WORK TO BE COMPLETED
Pictures should be left out when the listing below is repeated word for word.

EXERCISE DATA
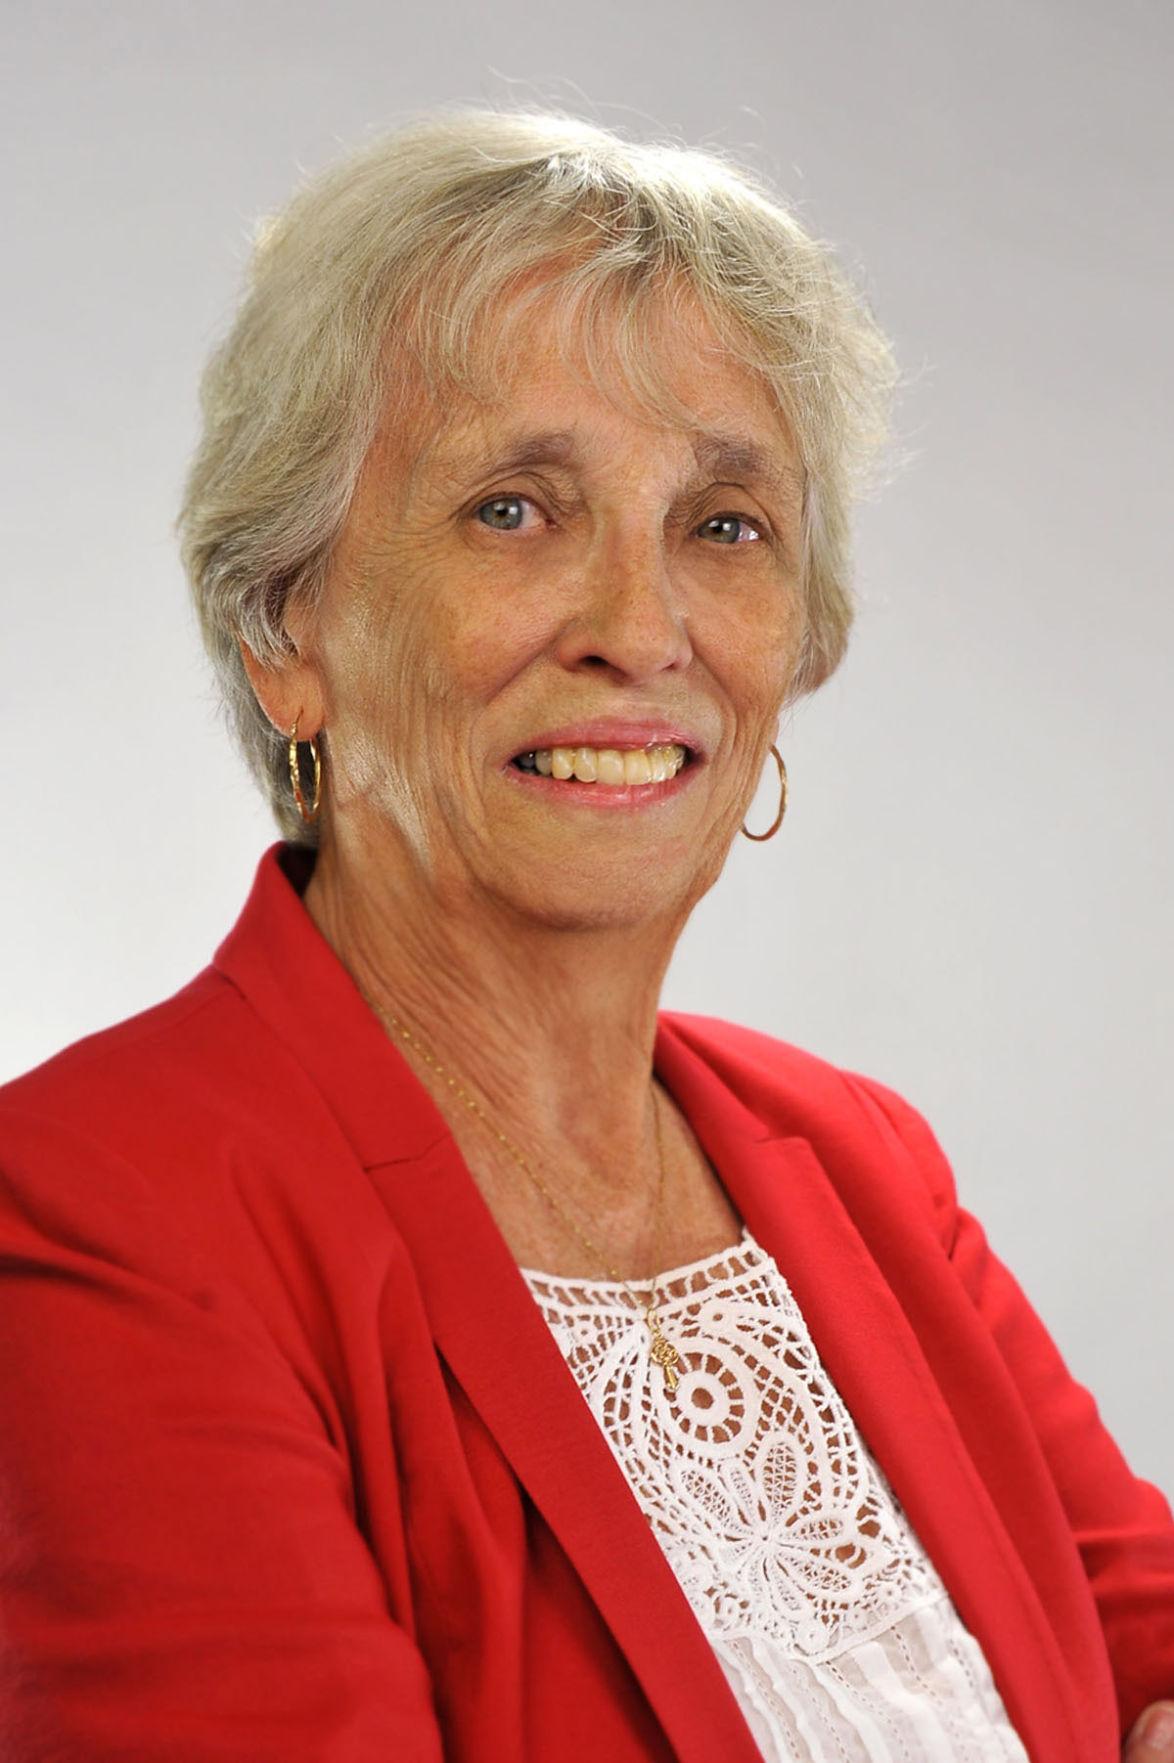 Elizabeth Glisky
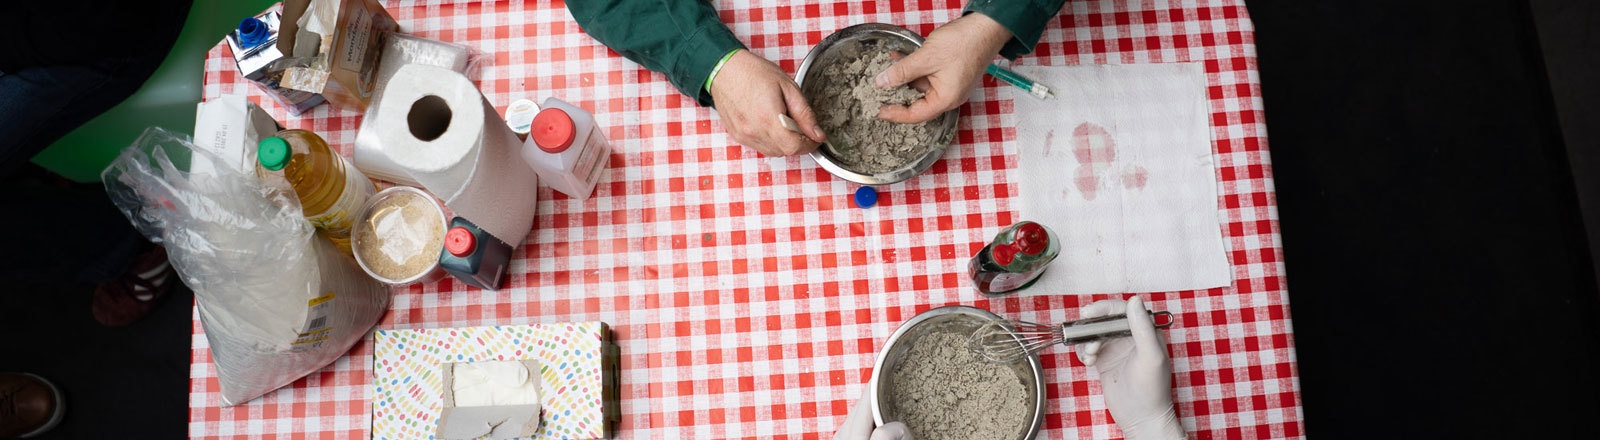 Netzbasteln kinetischer Sand Moritz Metz
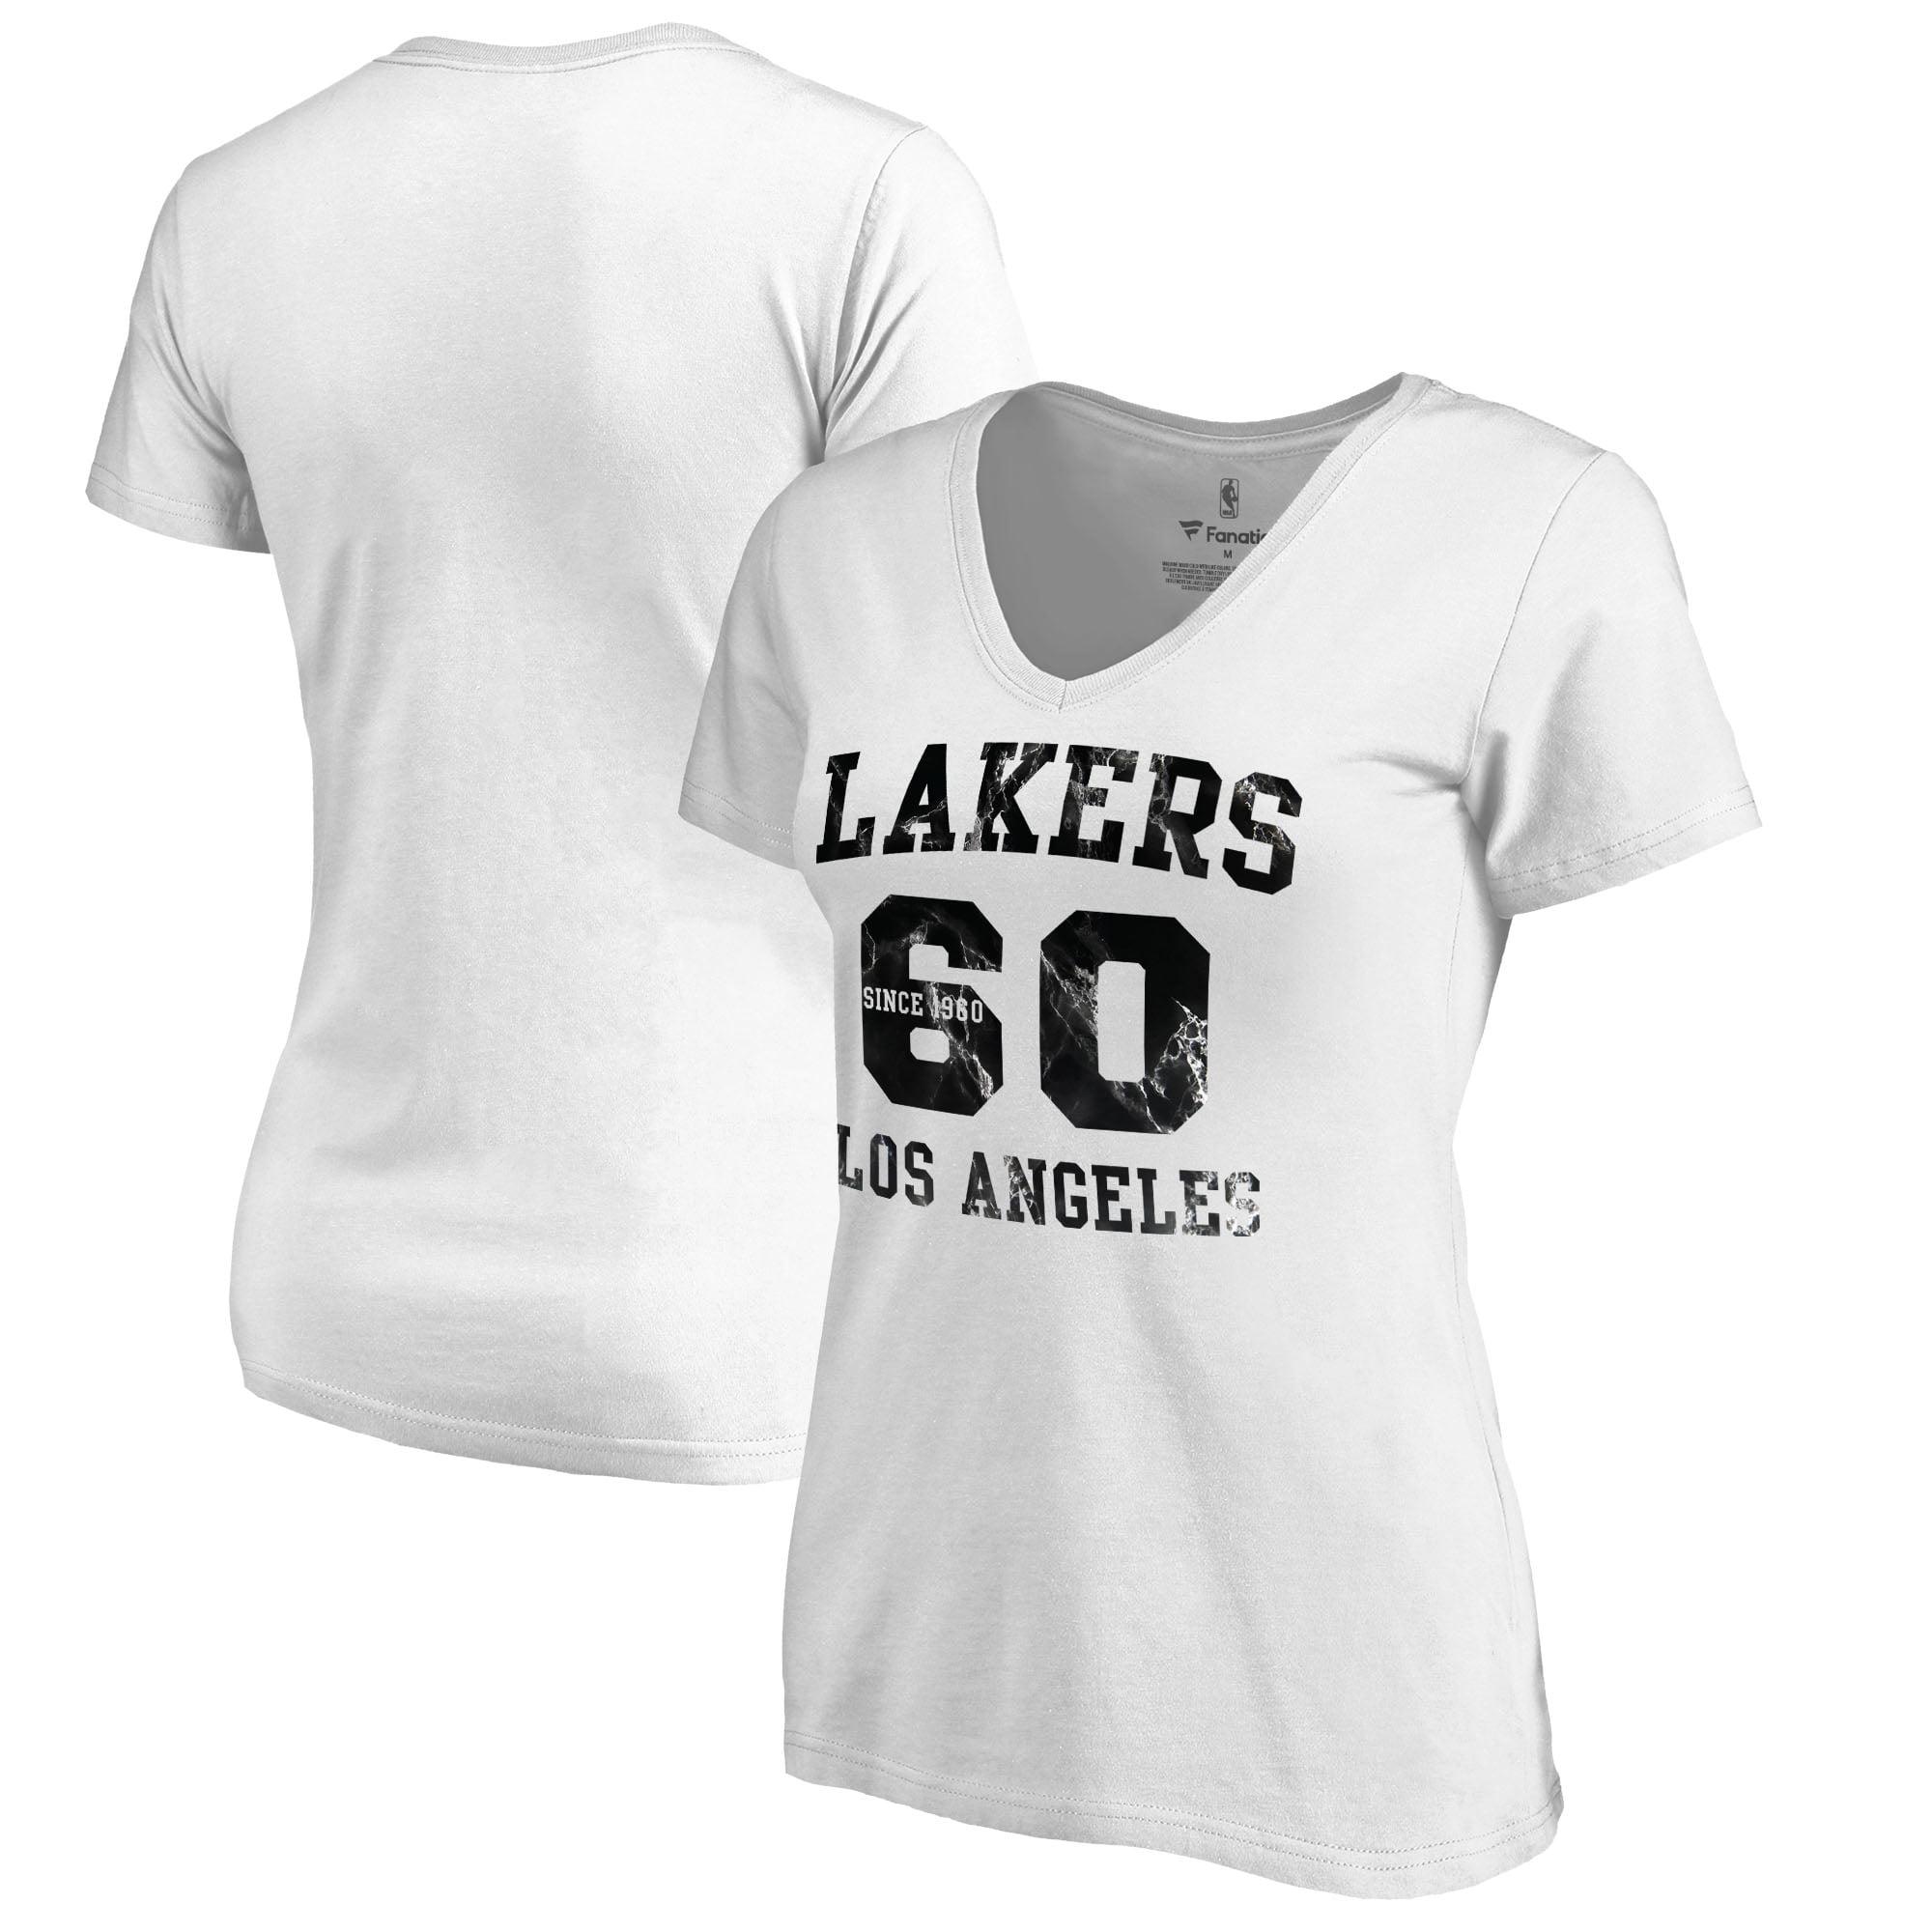 Los Angeles Lakers Fanatics Branded Women's Hang Time Plus Size V-Neck T-Shirt - White

ANSWER FOR THIS EXERCISE
 Elizabeth Glisky
 Netzbasteln kinetischer Sand Moritz Metz
 Los Angeles Lakers Fanatics Branded Women's Hang Time Plus Size V-Neck T-Shirt - White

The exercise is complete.